Chalabian received numerous accolades and recognition. The mayor of Southfield designated in 2005 a day as Dr. Antranig Chalabian Day in recognition of his goodwill ambassadorship of the city through his readers worldwide. He was an invited contributor to Military History Magazine, and regularly contributed articles to the Armenian publications like Spurk, Nayiri, Chanasser, Armenian Mirror-Spectator and Andranikological Review papers.

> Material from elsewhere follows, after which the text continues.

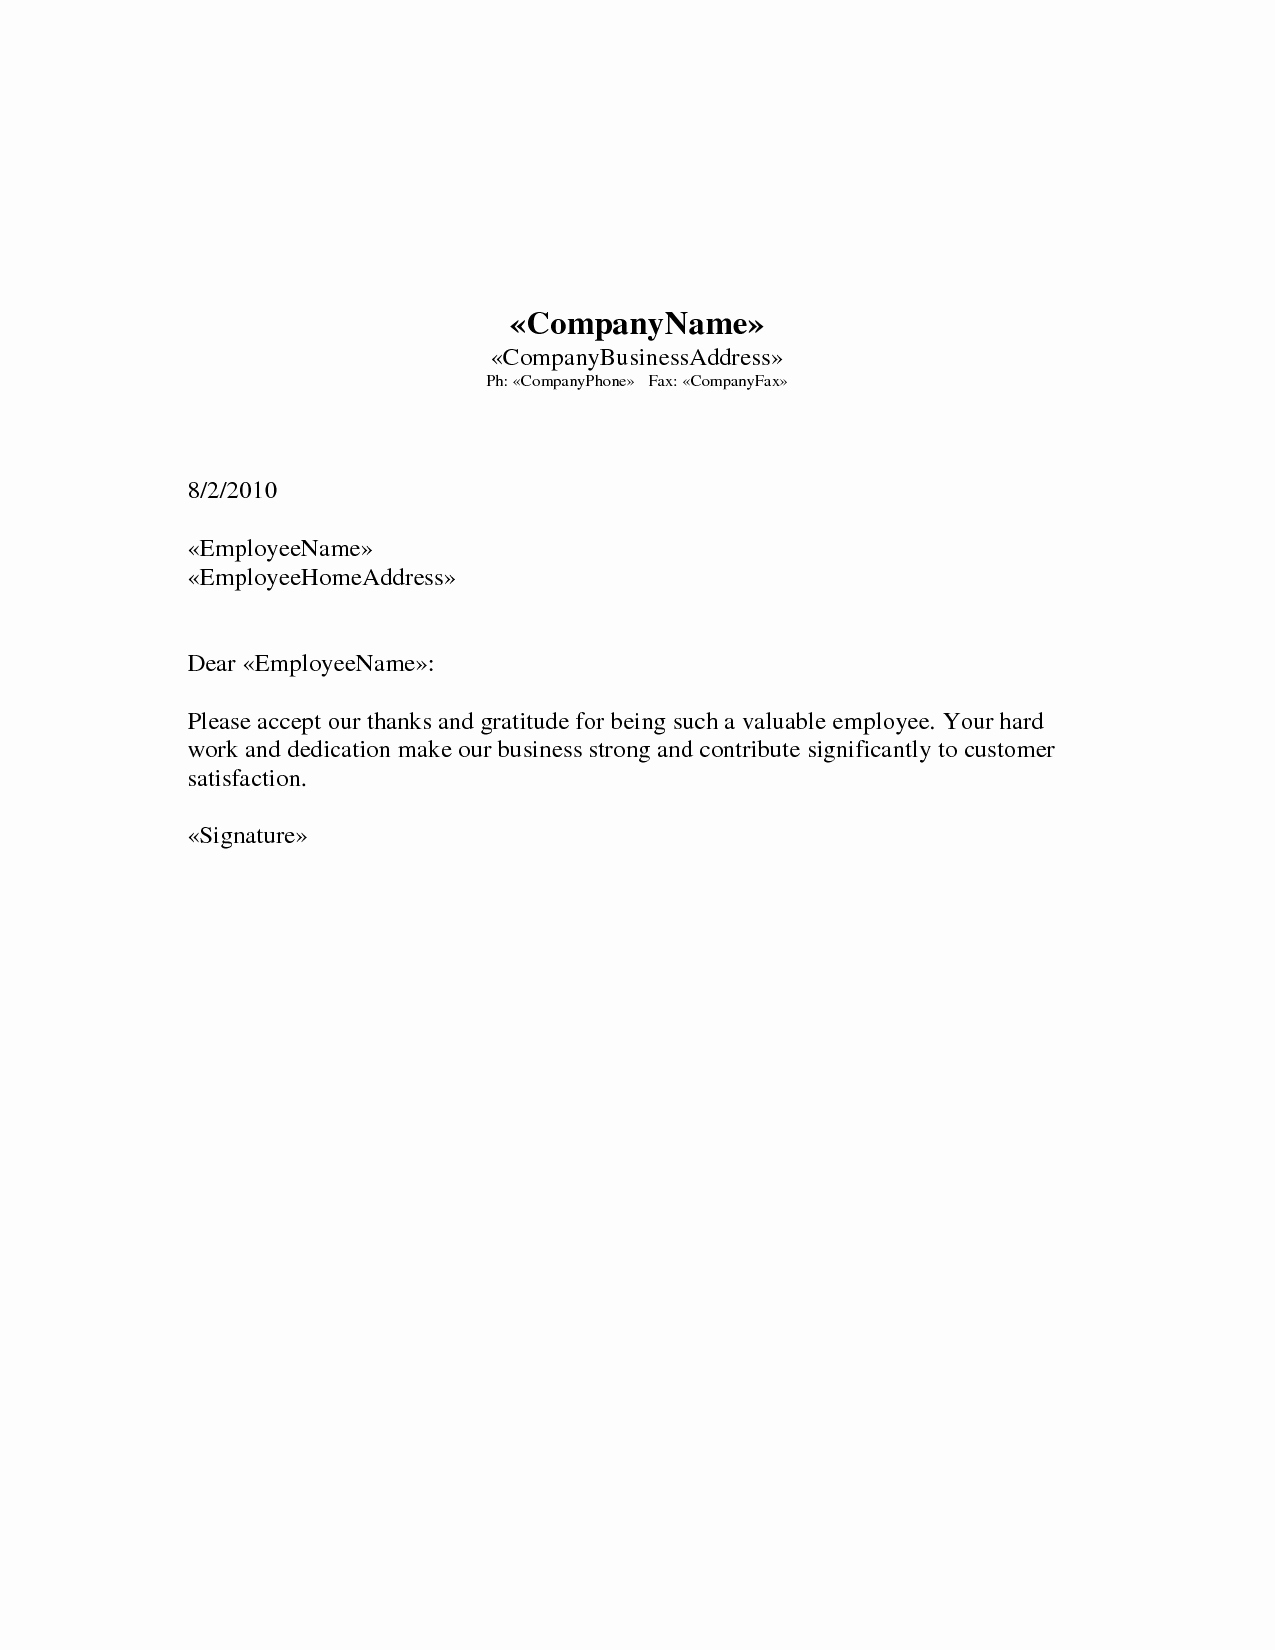 Retirement Letter Of Appreciation Inspirational Appreciation Letter

Before writing and publishing his books, Chalabian collaborated with Dr. Stanley Kerr after discovering Kerr's personal notes in the attic of the Physiology Department. Kerr had moved to New Jersey after retiring in 1965 from his distinguished career as the Chairman of the Biochemistry Department of the American University of Beirut. However, he had left his notes behind assuming that the notes were long lost through the years. Kerr had kept his notes and taken hitherto unpublished pictures while serving in Near East Relief. In 1919, Kerr was transferred to Marash, in central Anatolia, where he headed the American relief operations. The outcome of their collaborative work was the publication of Kerr's The Lions of Marash in 1973.

While collaborating with Kerr, Henry Wilfrid Glockler, a one-time controller at AUB and a neighbor of the Kerrs in Princenton, entrusted Chalabian his personal memoirs. Chalabian edited the memoirs and had it published in Beirut in 1969 by Sevan publishing house. The book is titled Interned in Turkey.